Wireless sensor networks are increasingly employed in a range of applications. Condition Monitoring in particular can benefit from the introduction of distributed wireless sensing solutions, operating with a high degree of autonomy. Wireless condition monitoring can extend the toolset available to the lifecycle management of engineering assets, offering ease of installation, flexibility, portability and accessibility. A significant hurdle for the adoption of wireless condition monitoring solutions in industry is related to the extent that such solutions can operate over long time periods, while providing adequate monitoring. Wireless sensor nodes extend the sensor functionality by providing on-board CPU, memory, power management and communications capabilities. Yet these are inherently limited due to the small form factor of the devices. Even in cases of sensor nodes with power harvesting capabilities, the minimization of the node energy consumption is sought at a premium. Apart from making the hardware design more energy efficient, sensor nodes can operate more efficiently if they achieve to minimize their energy-consuming activities, while meeting condition monitoring performance requirements. Low-level power management should be dealt with at the level of the sensor operating system. At the application end, a sensor node must feature some form of smart behaviour, enabling it to recognize events that deserve further attention. This is of profound importance as engineering assets equipped with embedded novelty detection capabilities would lend themselves for enhanced and sustainable operation. In this paper we study the design requirements for developing Novelty Detection techniques, as middleware components embedded on a single sensor board.
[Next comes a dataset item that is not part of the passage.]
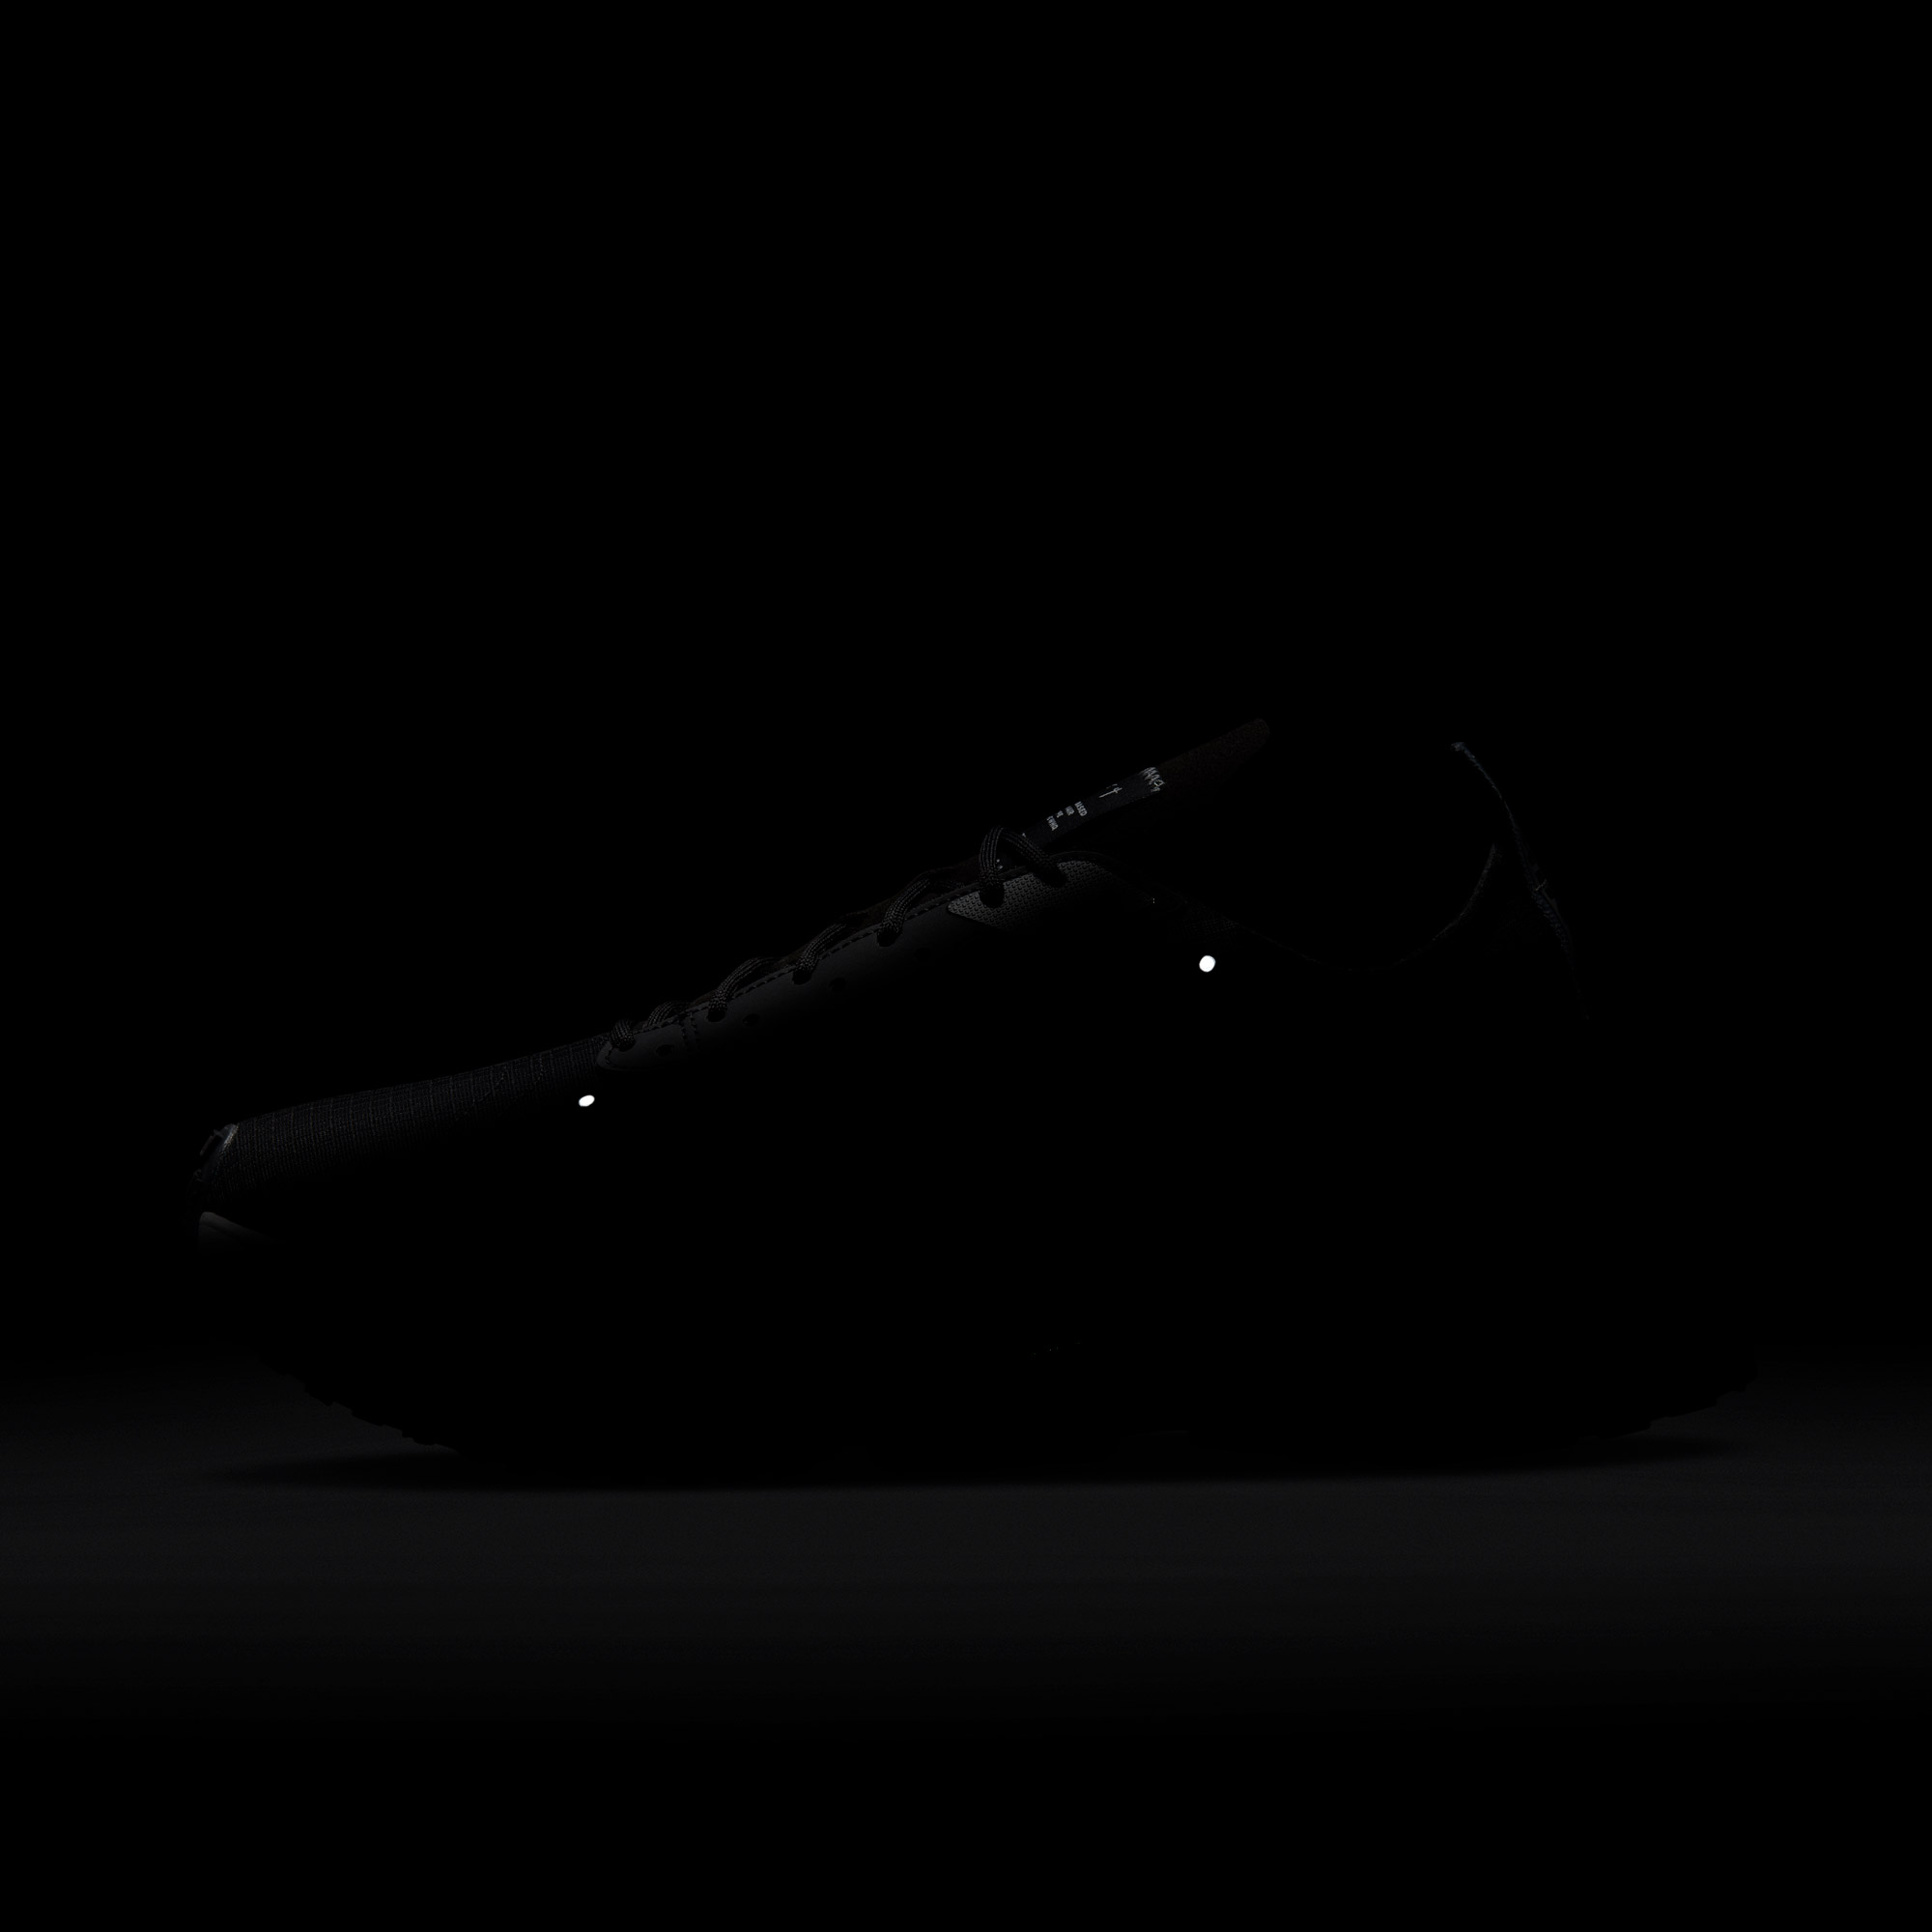 Nike Air Zoom-Type Erkek Siyah/Gri/Gümüş Spor Ayakkabı

Such smart components would enable the detection of events that signal the presence of unusual behaviour in the monitored equipment. On the basis of the identified design requirements, a conceptual architecture for the development of wireless sensor – board level novelty detection is discussed.


Sensor Network Sensor Node Wireless Sensor Network Condition Monitoring Novelty Detection 
These keywords were added by machine and not by the authors. This process is experimental and the keywords may be updated as the learning algorithm improves.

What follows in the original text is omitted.